PyCRAM ORM: An Overview#

What the ORM Is#

The Object–Relational Mapping (ORM) in PyCRAM is the layer that translates the framework’s in-memory datastructures into a relational database representation. It provides a structured way to persist plans, actions, spatial information, and execution outcomes so that they can be retrieved, analyzed, and compared across runs.

What It Is Used For#

The ORM is used to capture the structure and history of robot behavior. It stores plan hierarchies and their execution traces, the action intentions and the resolved actions that occurred at runtime, the spatial poses and transforms relevant to those actions, and the metadata that characterizes each execution. By turning these elements into queryable records, the ORM supports experiment tracking, benchmarking, and post hoc analysis.

Why It Is Helpful#

The ORM makes complex behavior legible and reproducible. It allows practitioners to recover the exact sequence of decisions and motions that took place, with timing and status information, and to relate those events to objects and places in the world. It enables analysts to ask performance questions at scale, to identify failure modes, and to audit how plan variants behave across different contexts. It also fosters interoperability by using a database format that is compatible with standard tooling for visualization and analytics.

How the Model Is Generated#

PyCRAM uses an automated generator to keep the ORM aligned with the evolving domain model. The generator discovers relevant classes from the planning and action layers, from spatial data structures, and from semantic world entities, and then emits a coherent relational schema with mapped Python classes. Custom type handling is included for commonly used scientific data types such as numerical arrays, ensuring that rich data can be stored efficiently. This approach reduces manual maintenance and keeps the schema consistent with the rest of the framework.

What the Model Contains#

The generated model captures several categories of information:

  • Planning structure and execution state: The model records nodes within plans, their relationships, their statuses over time, and their start and end timestamps.
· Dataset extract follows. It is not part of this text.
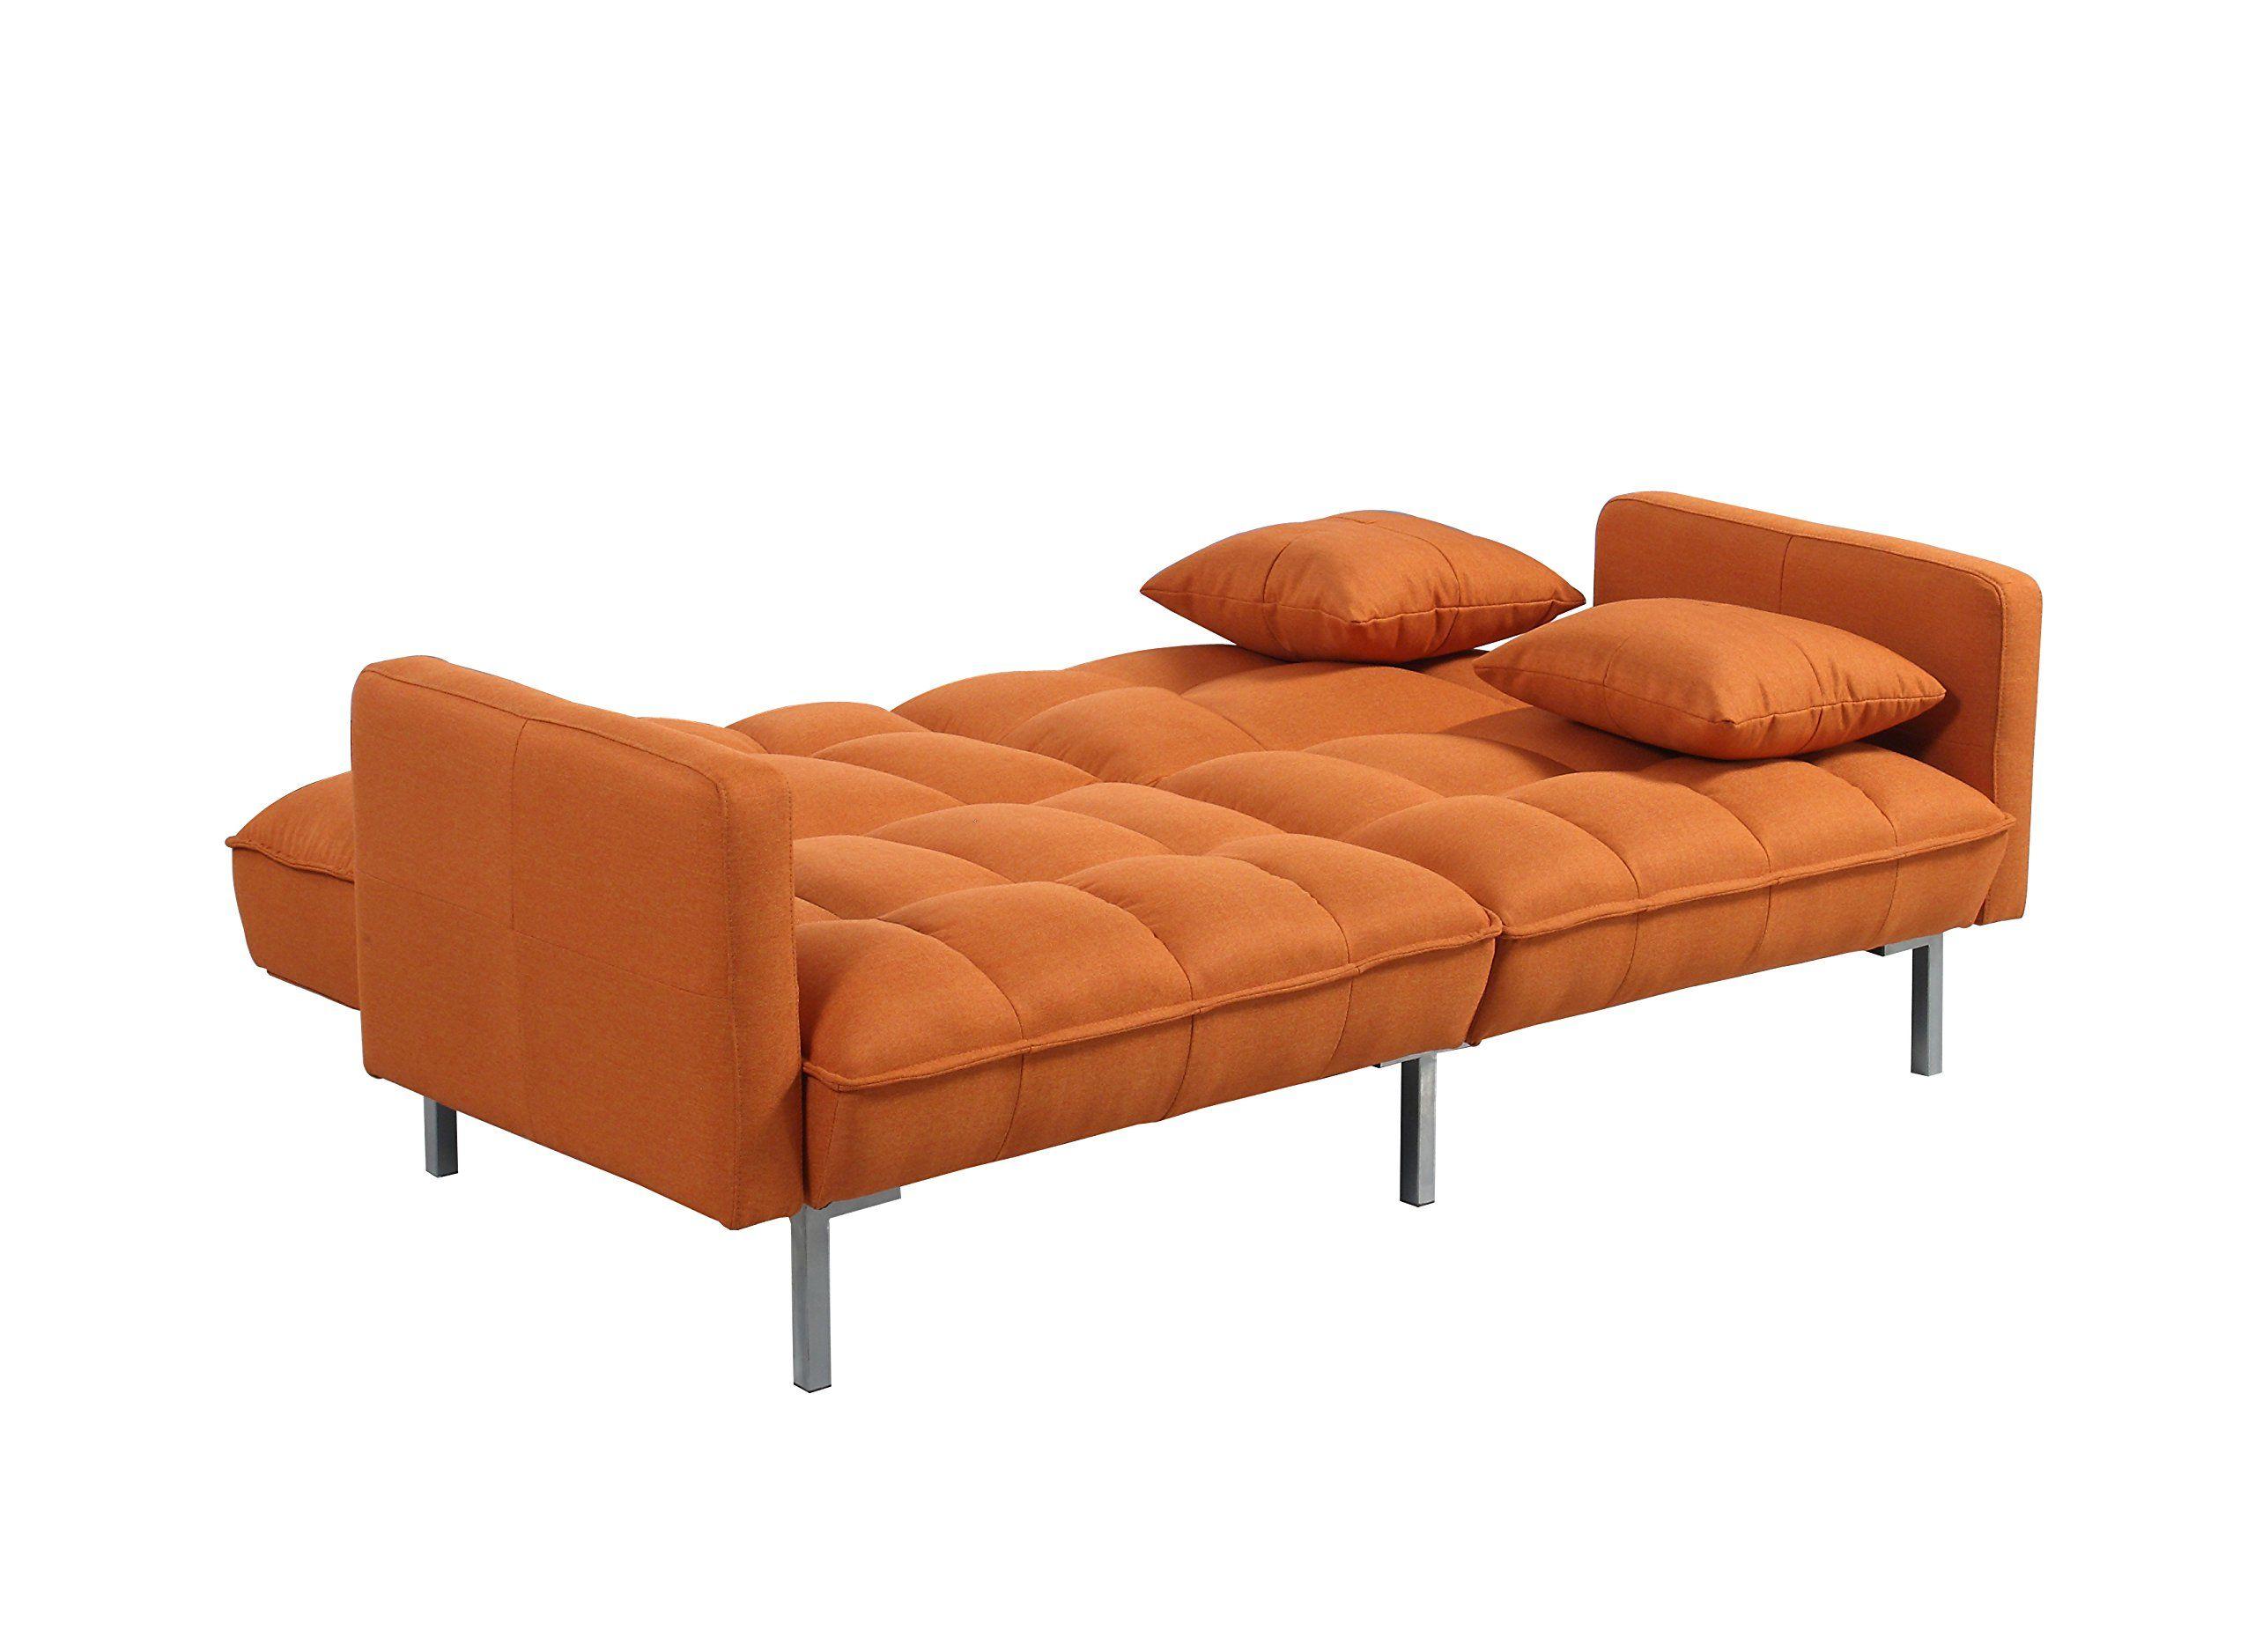 Divano Roma Furniture Collection Modern Plush Tufted Linen
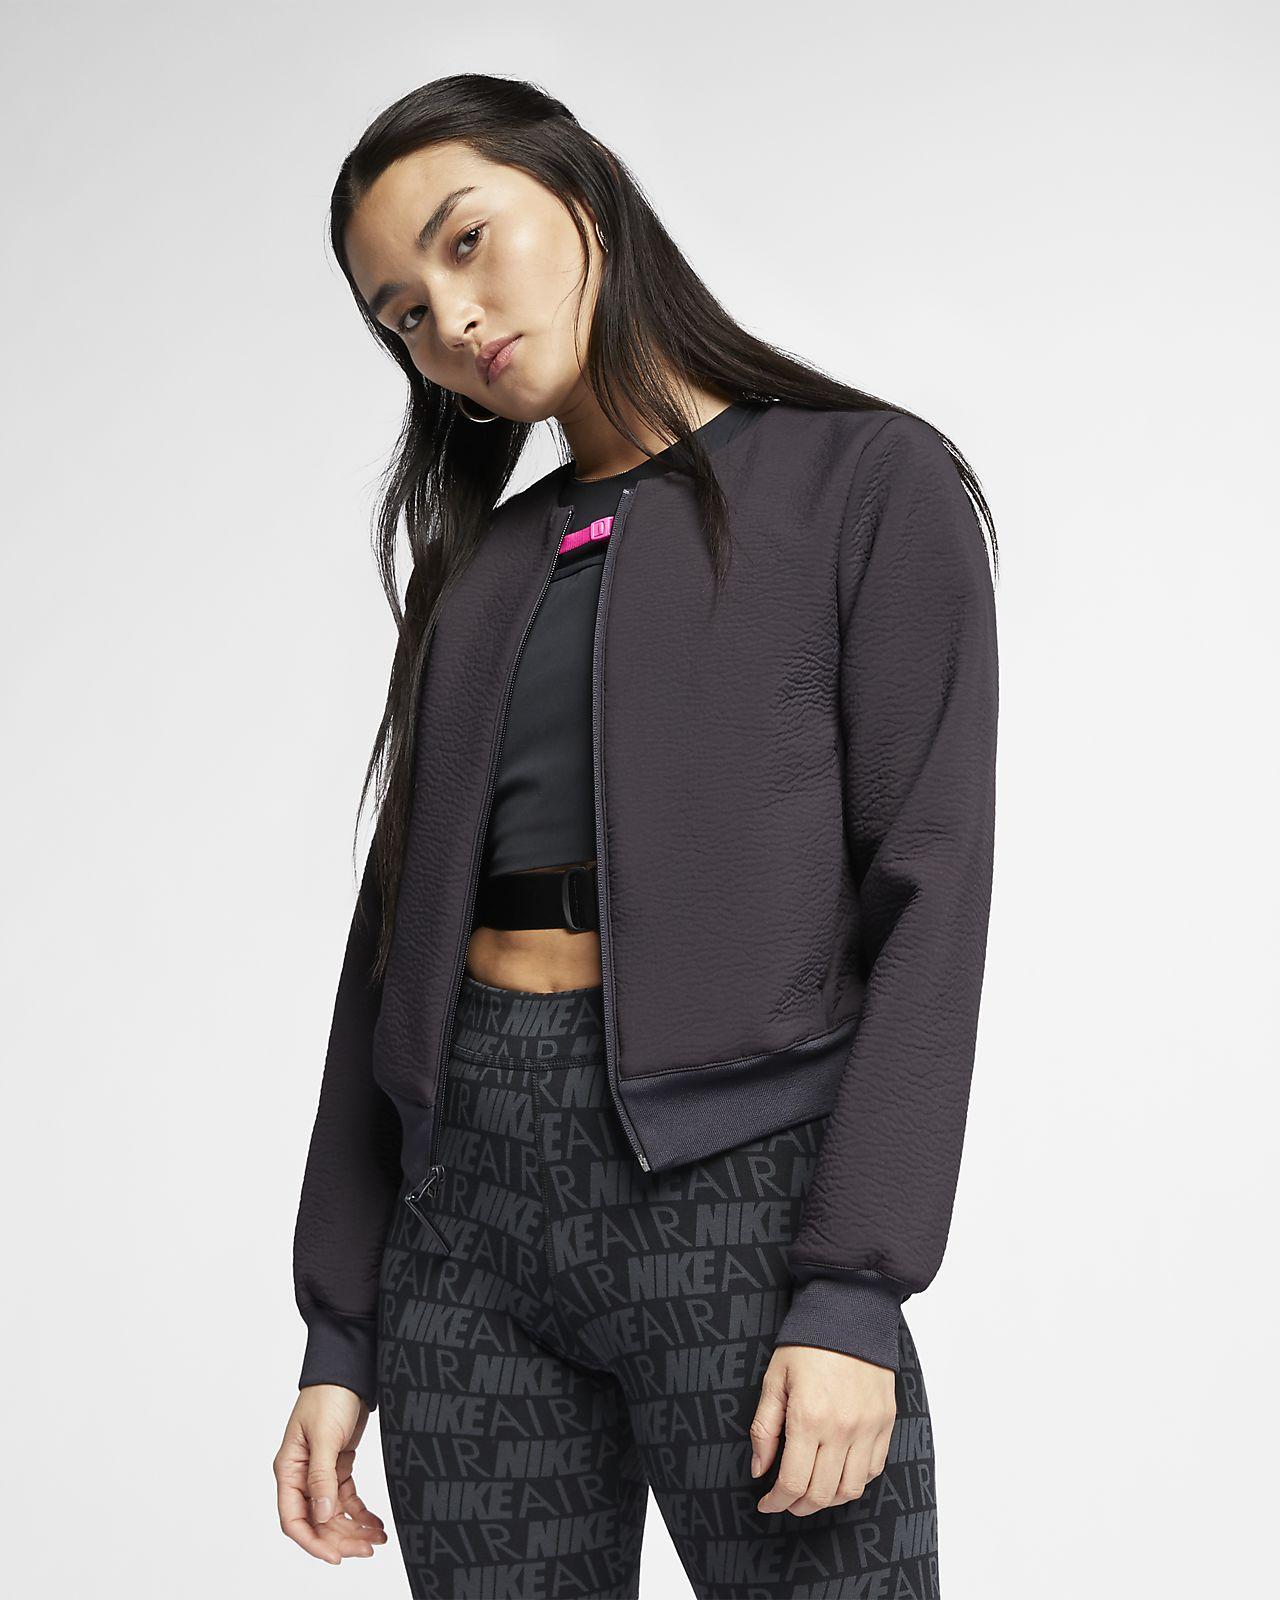 Nike Sportswear Tech Pack Damenjacke mit durchgehendem Reißverschluss

  • Action designators and realized actions: The model represents high-level action descriptions and links them to the actions that were ultimately carried out, including the parameters that guided those actions.

  • Spatial and temporal context: The model stores poses, orientations, transforms, and stamped headers so that actions can be analyzed in relation to time and reference frames.

  • World entities and semantics: The model links behavior to the semantic representations of bodies and objects in the environment in order to relate actions to real or simulated entities.

  • Execution metadata: The model captures run-specific context such as initial and final world states and the relevant robot and object poses, enabling detailed comparisons between executions.

How It Fits into the Workflow#

During execution, PyCRAM creates instances of actions, plan nodes, and spatial constructs as part of normal planning and ontrol. The ORM layer provides a uniform pathway for persisting these instances and their relationships to a database. Using this ORM layer a user can simply insert the whole plan into a database, the ORM will take care of recursively discovering all the relevant information from the plan and translating them into a format that can be inserted into the database. Afterward, users and tools can query the stored data to reproduce runs, examine performance, generate reports, or visualize plan structures and outcomes.

Key Takeaways#

  • The ORM provides a robust bridge between PyCRAM’s robotics abstractions and relational databases, allowing complex behavior to be stored and queried as structured data.

  • The schema is generated automatically to mirror the domain model and to include custom support for scientific data, which significantly reduces manual effort.

  • The stored information covers plans, actions, spatial context, world semantics, and execution metadata, which together enable reproducibility, analytics, and audits.

  • The ORM integrates naturally into the execution workflow, making it straightforward to capture and later analyze what happened and why.